Des rassemblements nocturnes ont lieu tous les soirs à Marseille, jusqu'à dimanche. Une autre forme d'action en marge de celle des syndicats.
A Marseille, l'appel circule sur les réseaux sociaux : un rassemblement est prévu tous les soirs jusqu'au 26 mars contre la réforme des retraites. Ce premier rendez-vous, jeudi soir, s'est inscrit dans le prolongement de la 9e grande journée de mobilisation initiée par l'intersyndicale. Un mouvement dit "spontané" qui a réuni des manifestants pour une déambulation nocturne à travers le centre-ville.
Dans un tweet posté à 21 h 15 par le journaliste indépendant Thomas Clerget du collectif Presse papiers Marseille, on peut observer que la manifestation se déroule sans heurts, dans une ambiance plutôt bon enfant.
Elle aussi journaliste, Léa a rejoint la manifestation à titre personnel. C'est sur Instagram qu'elle a trouvé les informations sur ce rassemblement, grâce "à des partages de stories des étudiants." Elle décrit ce mouvement comme principalement composé de jeunes : "Le cortège était plus conséquent que les fois précédentes. Je n'ai pas assisté à des affrontements avec les forces de l'ordre, même s'il y a eu de l'excitation par moment", raconte-t-elle, mais "la manifestation a été dispersée par gaz lacrymogènes" dans une certaine confusion.
"Parmi les revendications, il n'a pas que le 49.3, il y aussi l'écologie, les violences policières, c'est une convergence des luttes. Ce ne sont pas les mêmes regards qui sont portés sur ce qui se passe."
Léa, journaliste dans le cortège
Pour Léa, si les syndicats ne voient pas d'un très bon œil ces "manifestions sauvages", c'est sans doute par crainte d'être décrédibilisés. "Pourtant, c'est une autre forme de lutte qui n'est pas à négliger. Les discours sont différents et les gens qui viennent dans ces rassemblements ne sont pas les mêmes."
Une menace pour les modes d'action traditionnels ?
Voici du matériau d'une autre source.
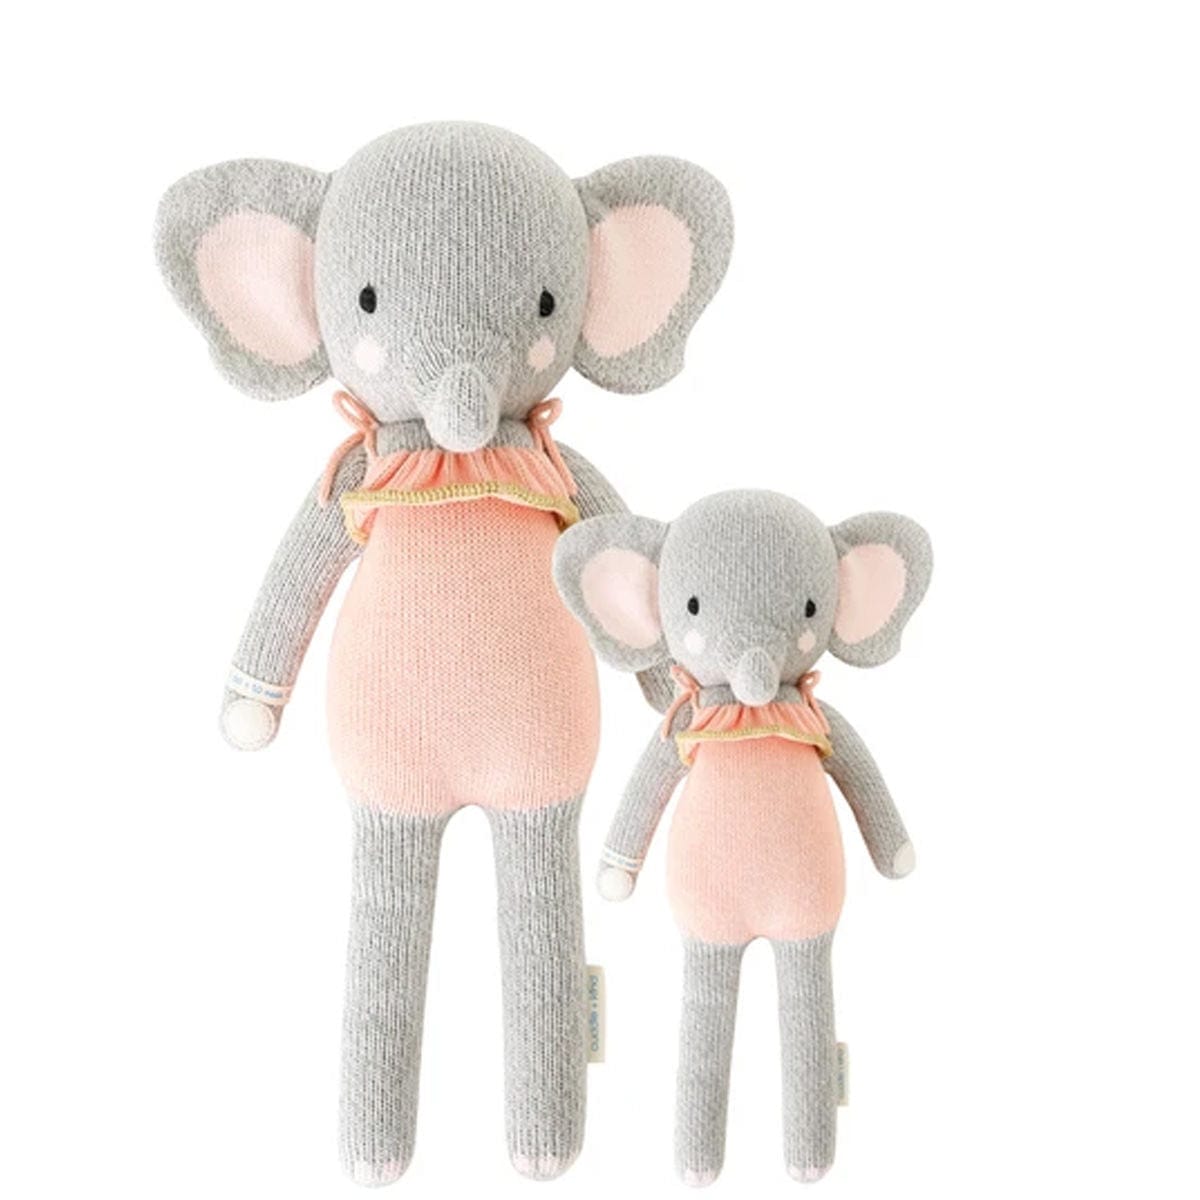 cuddle + kind doll Little (13") cuddle + kind Hand-Knit Doll - Eloise the Elephant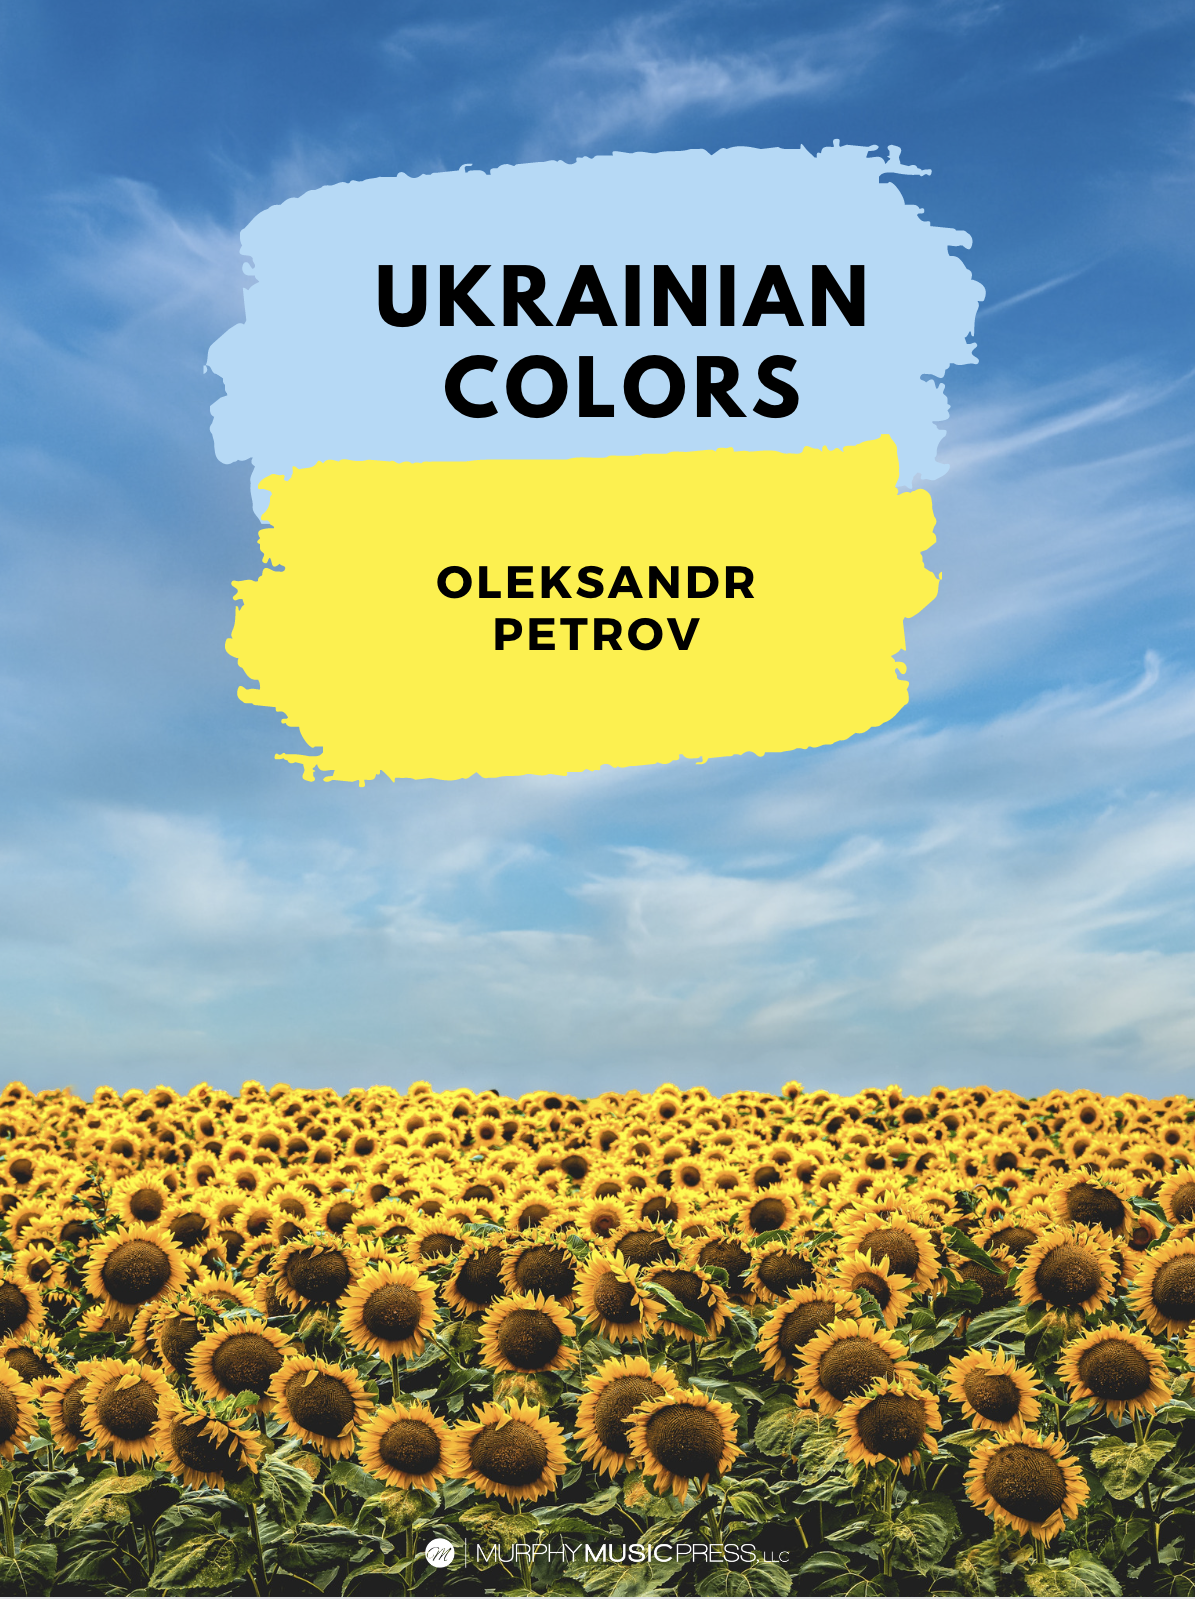 Ukrainian Colors by Oleksandr Petrov

"Le risque de débordements est en train d'arriver et c'est ce que redoutaient les syndicats", explique le politologue Bruno Palier, chercheur du CNRS à Sciences Po et auteur du livre Réformer les retraites.
Selon lui, les leaders syndicaux ont pu se prévaloir du soutien de l'opinion publique au travers d'une pétition qui a recueilli plus d'un million de signatures. Aujourd'hui pour eux, face à l'émergence d'actions plus musclées et incontrôlées, l'enjeu est de convaincre leurs adhérents et sympathisants de rester dans la non violence.
"Laurent Berger pour la CFDT l'a exprimé à plusieurs reprises : comment appeler au calme alors que les gilets jaunes dans une action plus radicale ont obtenu des choses, avec notamment le retrait de la taxe carbone. Il est clair que le message est délétère pour les formes traditionnelles et démocratiques de mobilisation."
La multiplication de ces mouvements incontrôlés, selon Bruno Palier, n'indique pas pour autant une "gilet-jaunisation" du mouvement "dans la mesure où les syndicats n'appellent pas à bruler des poubelles. Il faut se garder des amalgames. Il a bien deux types d'action distincts, avec des acteurs différents, l'un sert un mouvement de masse maitrisé et le second cherche à s'agréger sur le premier, en marge des cortèges organisés. Mais cela ne contamine pas le mouvement traditionnel de grève de pétition et de manifestation."
Le politologue reconnait que ces actions sporadiques sur l'ensemble du territoire ne sont pas sans rappeler la "France des rond-points", mais il rappelle que la crainte d'un retour des gilets jaunes est avant tout la posture politique "du ministre de l'Intérieur mais pas la réalité."